This is a question about the action of the Dirac delta on Sobolev spaces $H^s(\mathbb{R}^d) = W^{s,2}(\mathbb{R}^d)$.
We know that $\delta(\underline{x})\in H^s(\mathbb{R}^d)$ for $s<-d/2$.
In 2D, consider $v \in H^2(\mathbb{R}^2)$. Since $\delta(\underline{x})\in H^{-2}(\mathbb{R}^2)$ (the dual of $H^2(\mathbb{R}^2)$), the Dirac delta acts on $v$ as $$\int_{\mathbb{R}^2} \delta(\underline{x}) v(\underline{x}) \; \mathrm{d}\underline{x} = v(\underline{0}).$$ Furthermore, in 2D, we have the Sobolev embedding $H^2(\mathbb{R}^2) \subset C^0(\mathbb{R}^2)$, so the value of $v$ at $\underline{0}$ is well-defined.
However in 3D I am a bit confused: Take $v \in H^2(\mathbb{R}^3)$, and we still have $\delta(\underline{x})\in H^{-2}(\mathbb{R}^3)$. The action of $\delta$ on $v$ should be well-defined as above. However, in 3D we know that $H^2(\mathbb{R}^3) \not\subset C^0(\mathbb{R}^3)$, so I can't see how the answer of $v(\underline{0})$ is well-defined as we shouldn't be able to talk about point values of $v$.
Thanks.
I think the mistake is that $$ H^2(\mathbb R^3) \subset C^0(\mathbb R^3) $$ is true.

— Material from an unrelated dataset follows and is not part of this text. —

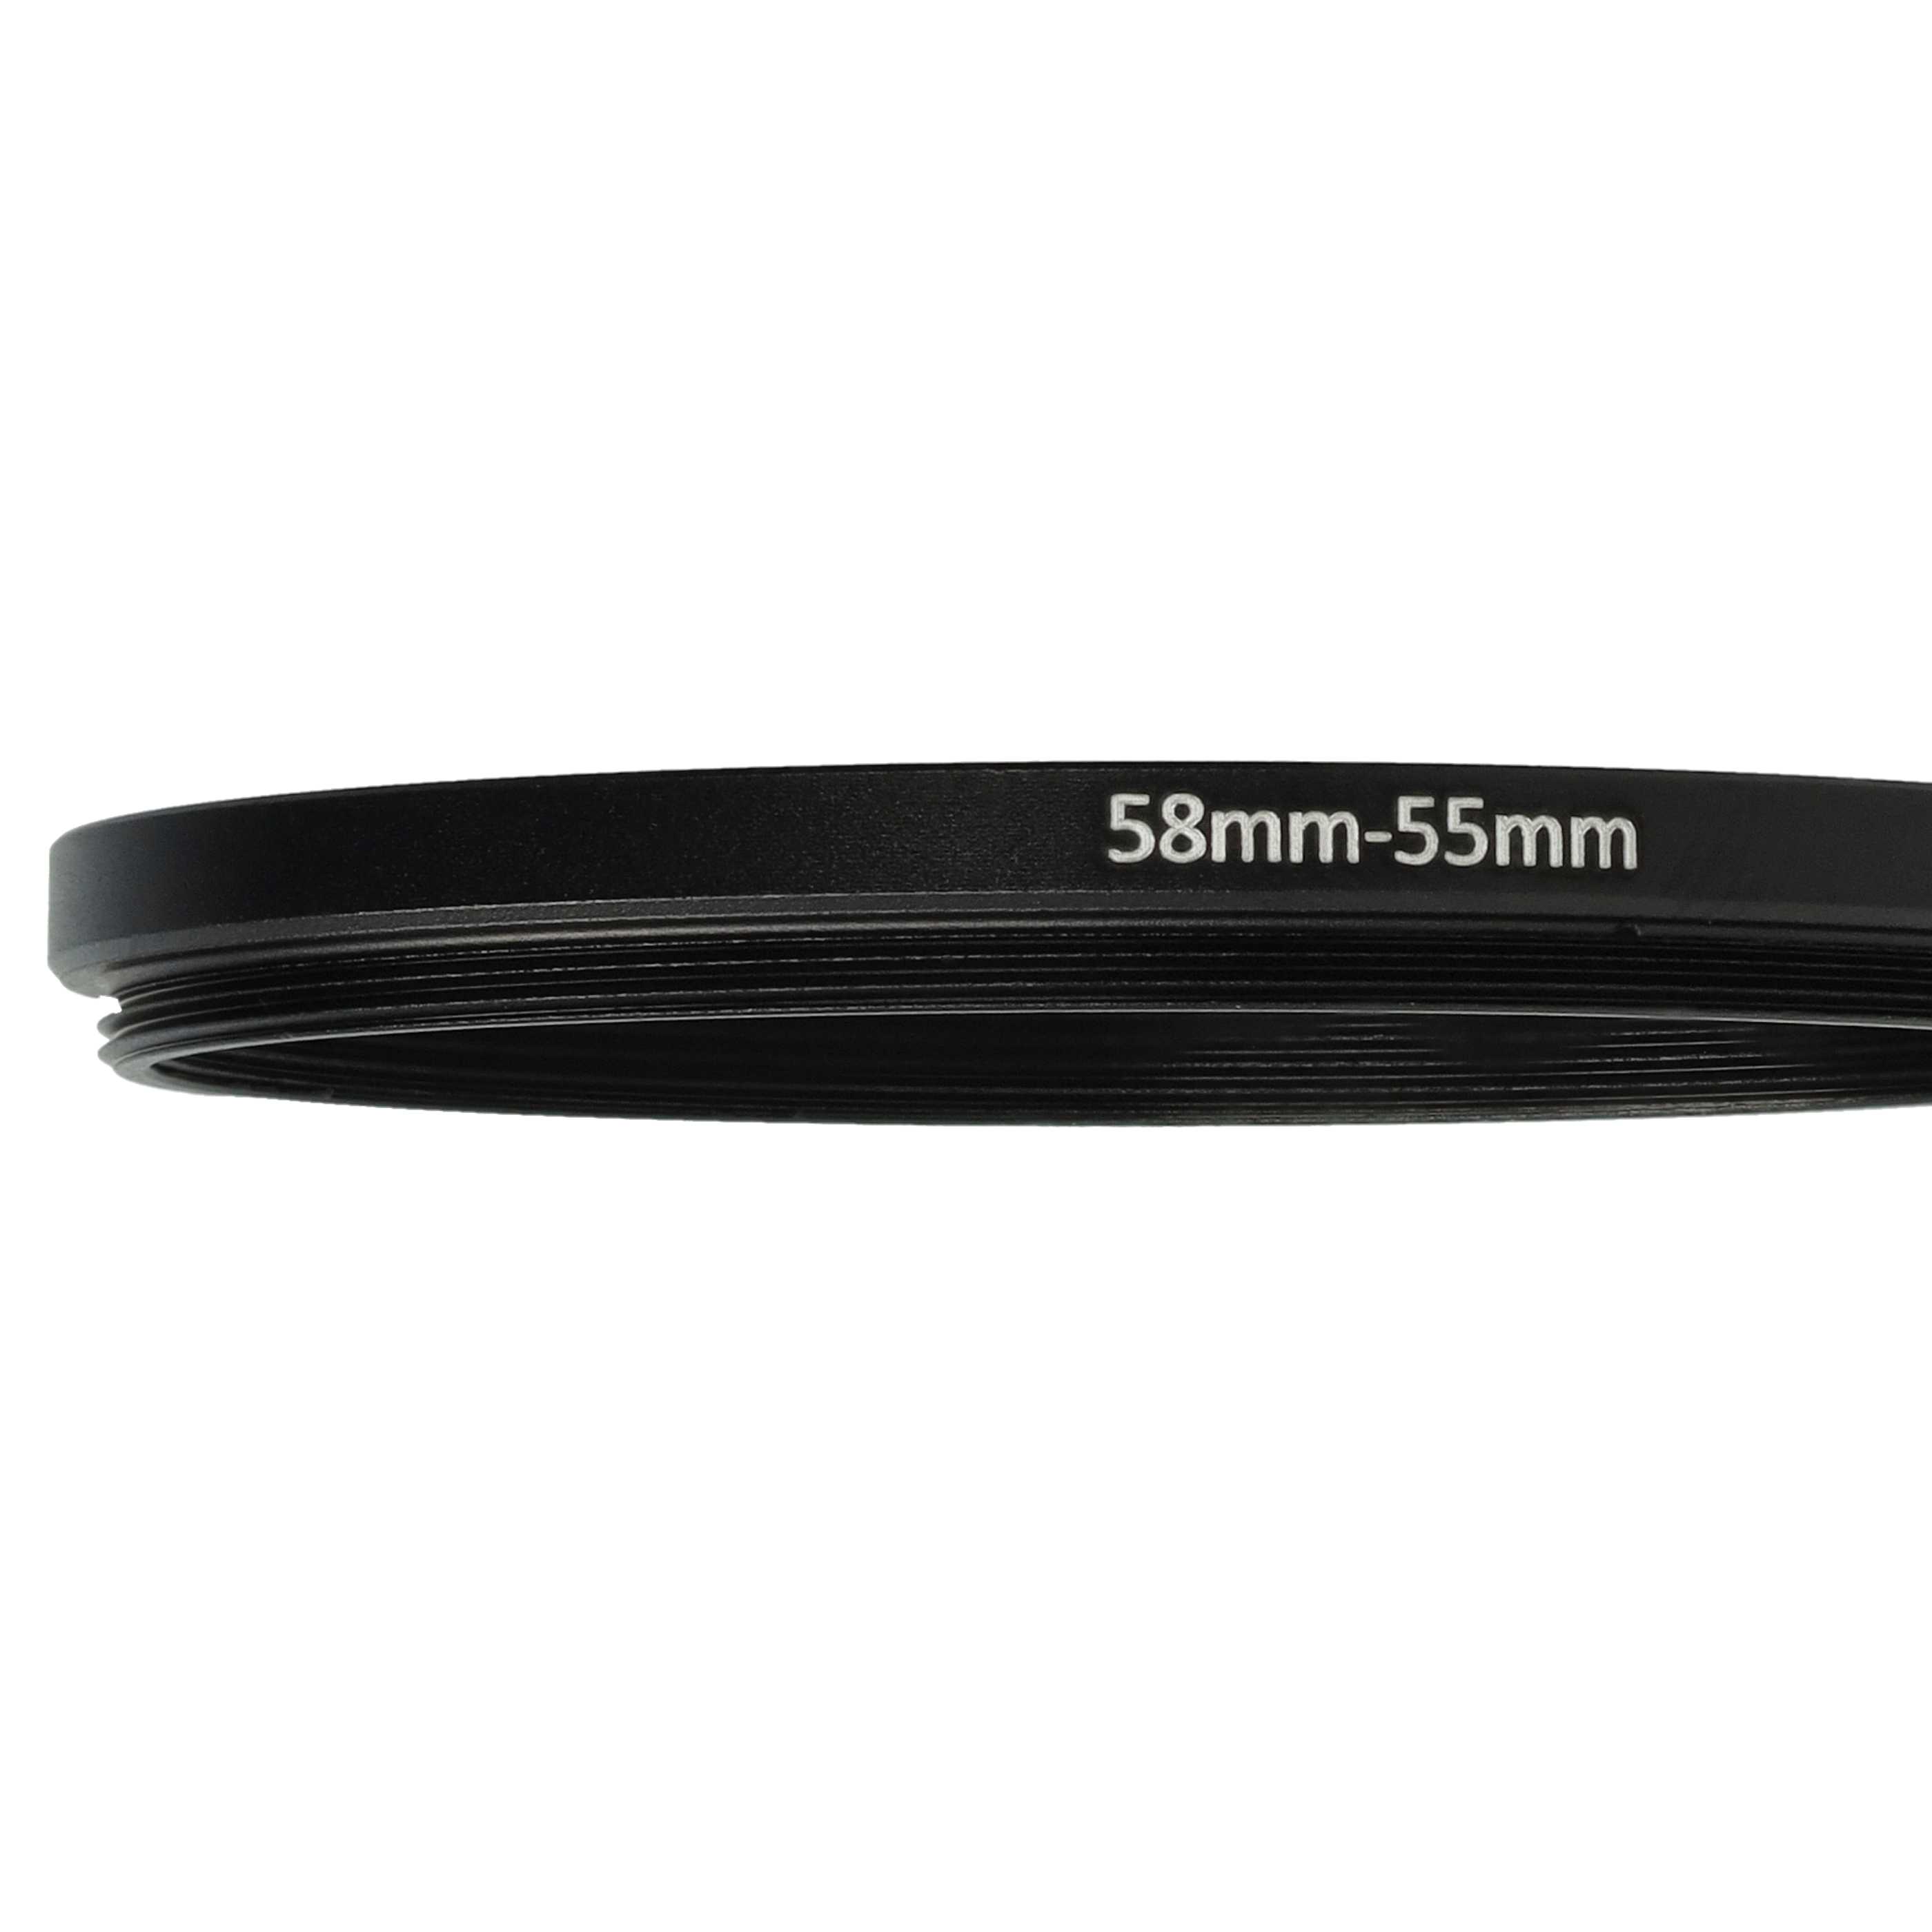 Redukcja filtrowa adapter Step-Down 58 mm - 55 mm pasująca do obiektywu - metal, czarny

Using the Sobolev embedding theorem, we can see that $H^2(\mathbb R^3) =W^{2,2}(\mathbb R^3)\subset W^{1,6}(\mathbb R^3)$.
Then using the part of the theorem that uses Holder spaces, we have $ W^{1,6}(\mathbb R^3) \subset C^{0,\tfrac12}(\mathbb R^3). $